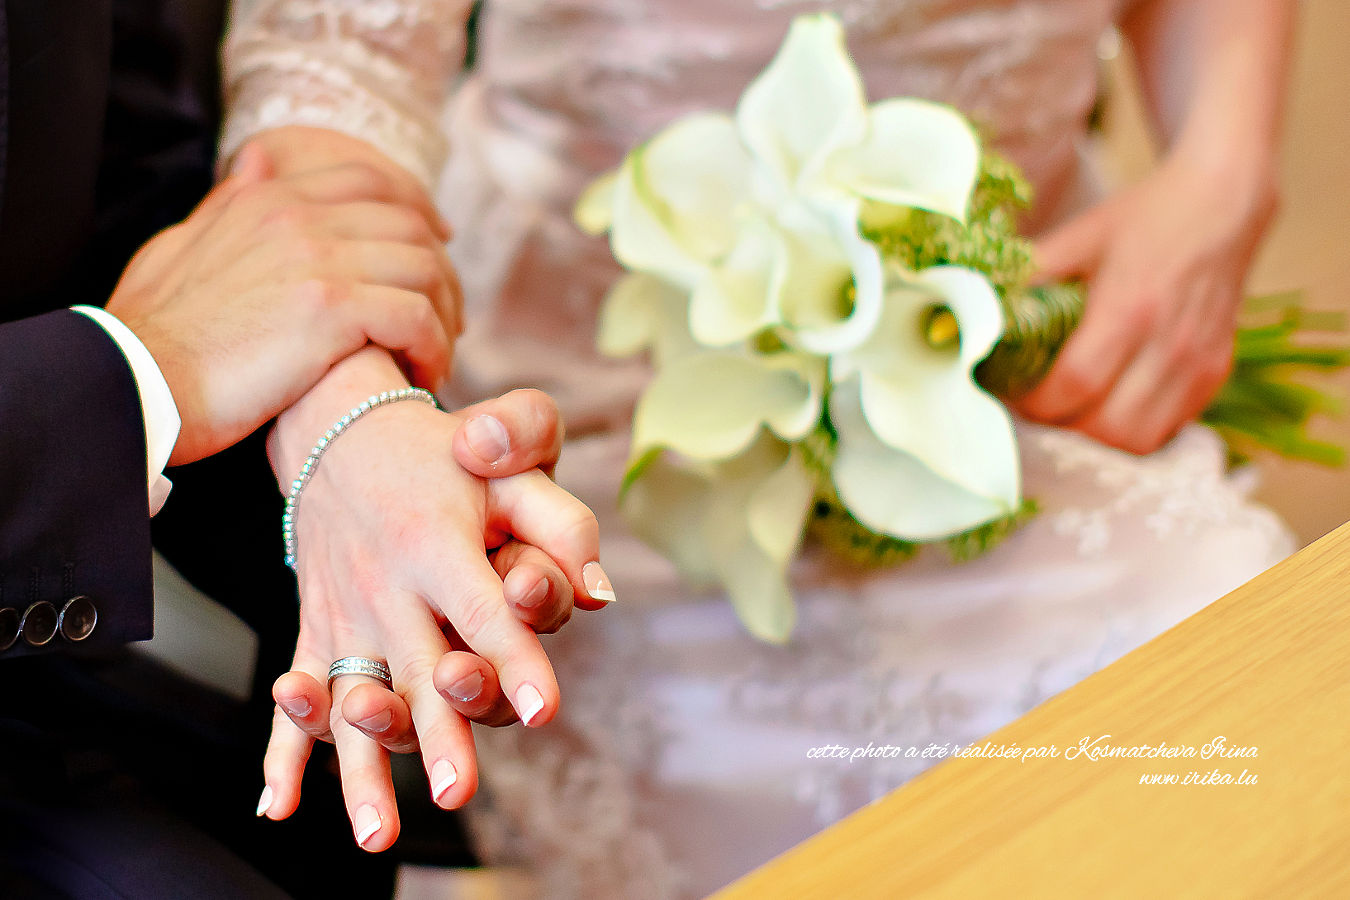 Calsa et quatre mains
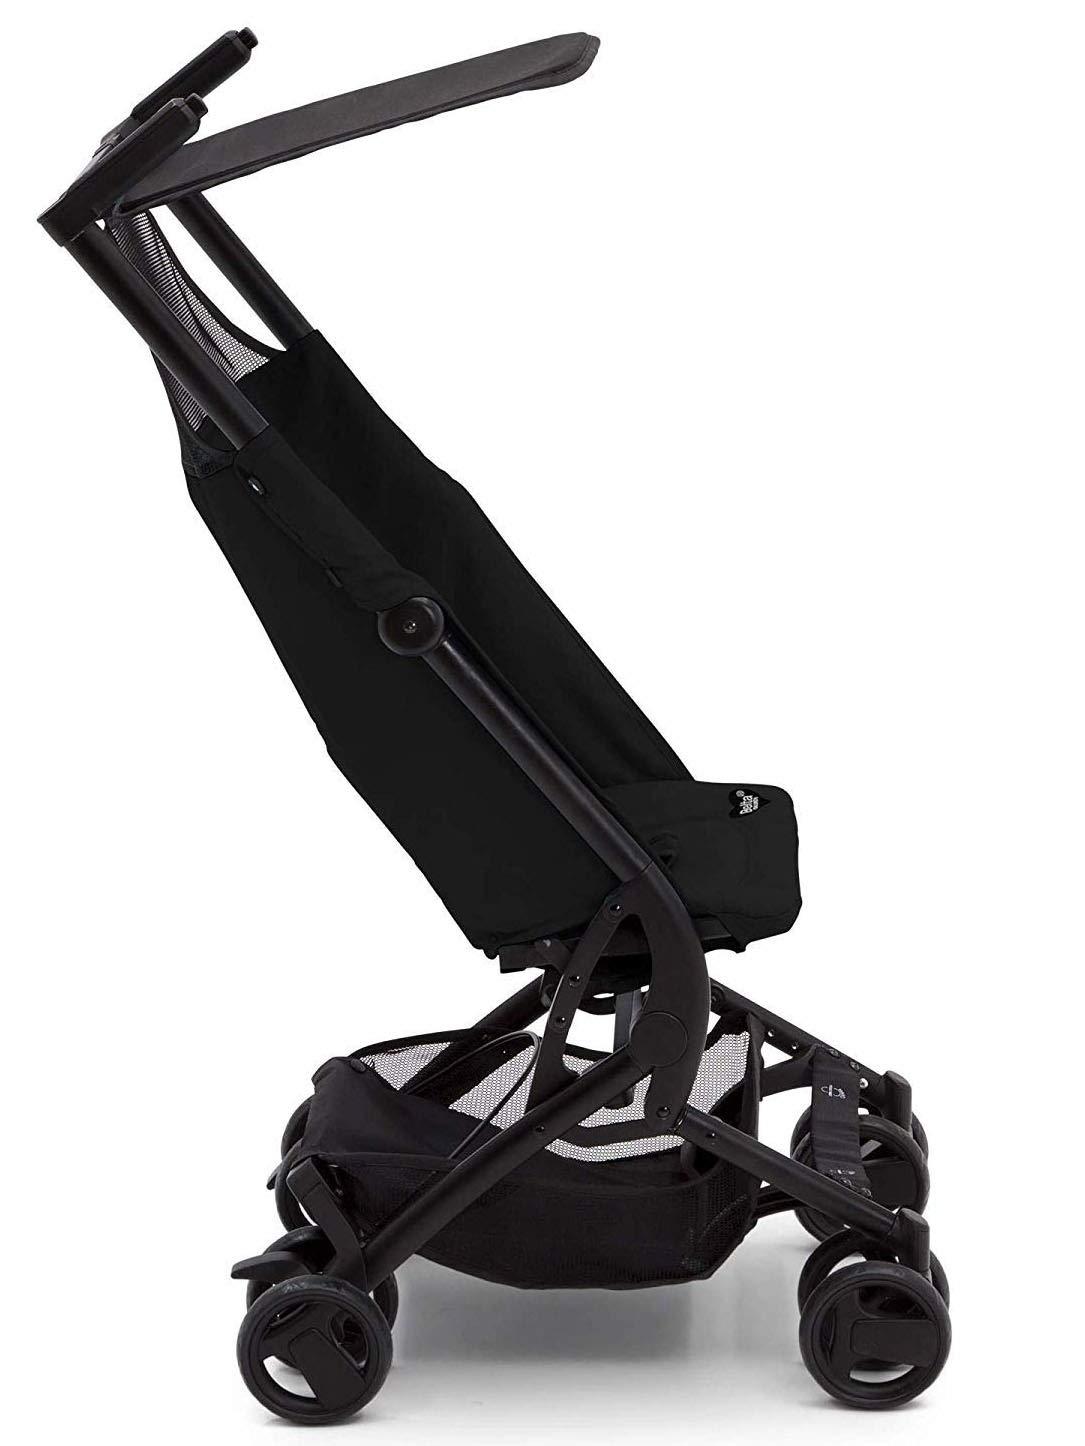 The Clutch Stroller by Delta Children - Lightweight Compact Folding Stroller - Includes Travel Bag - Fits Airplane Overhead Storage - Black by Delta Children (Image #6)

━━━━━━━━

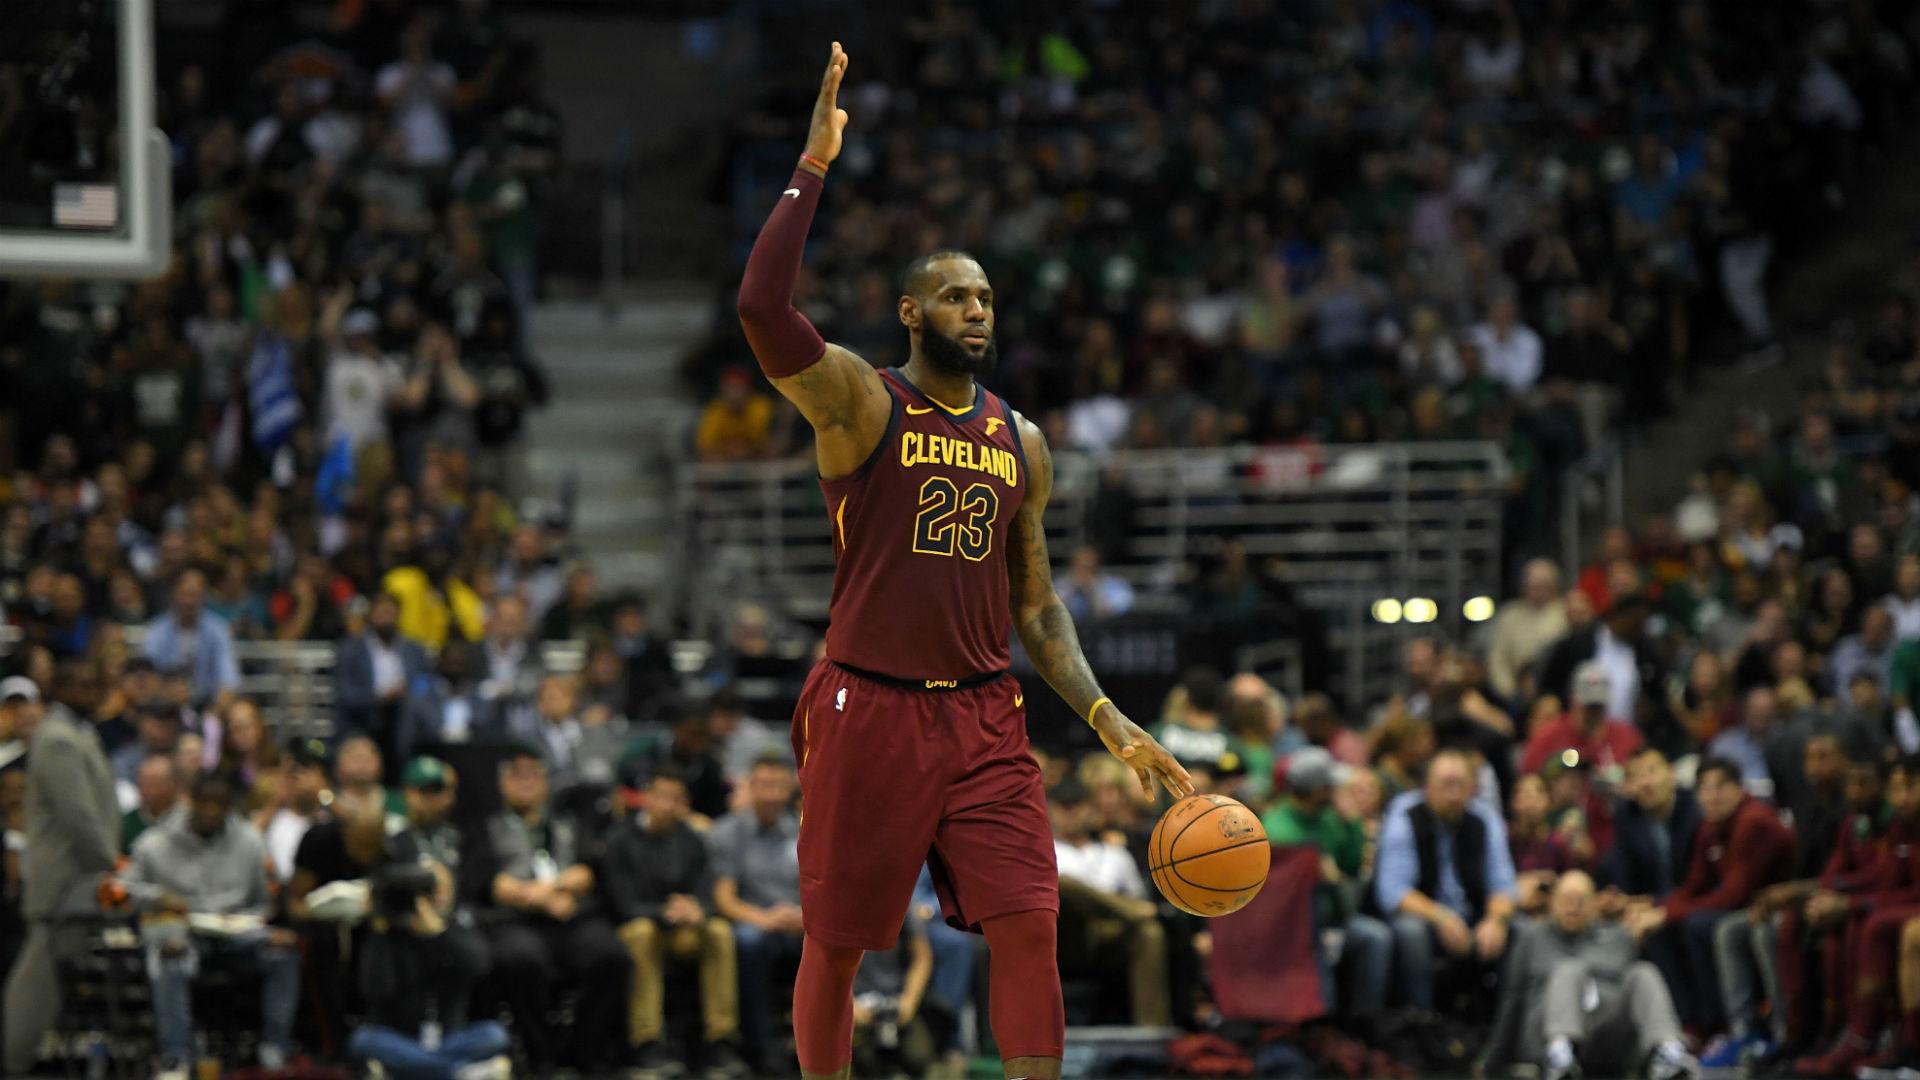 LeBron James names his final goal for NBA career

━━━━━━━━

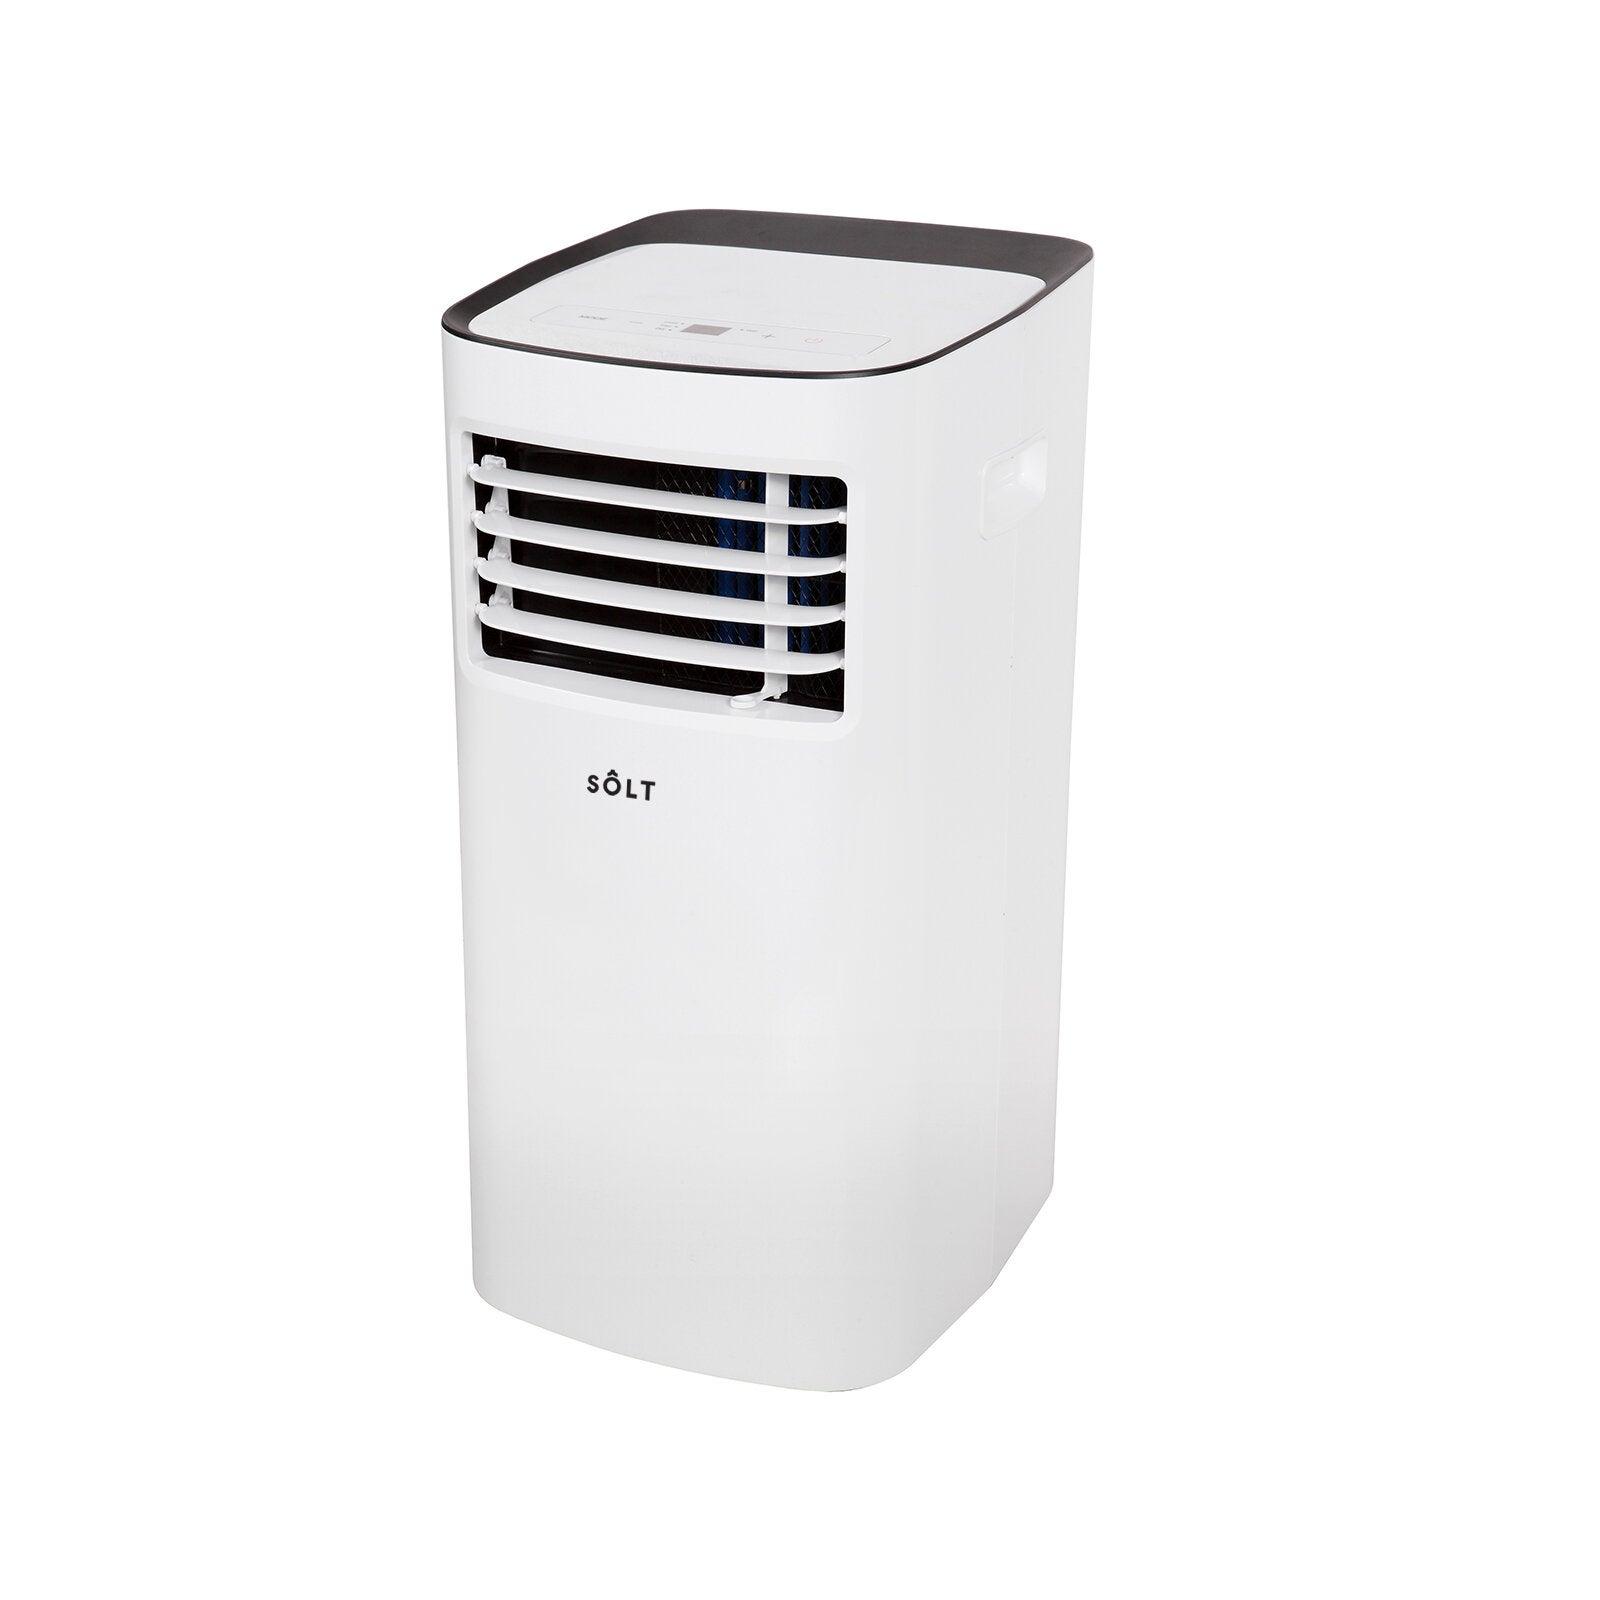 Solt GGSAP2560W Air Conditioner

━━━━━━━━

> [Problem to solve]: Above are some entries. Restate word for word the lines from the one holding "Calsa et quatre mains" through the one holding "The Clutch Stroller", but not the pictures.

> [Exercise output]:
 Calsa et quatre mains
 The Clutch Stroller by Delta Children - Lightweight Compact Folding Stroller - Includes Travel Bag - Fits Airplane Overhead Storage - Black by Delta Children (Image #6)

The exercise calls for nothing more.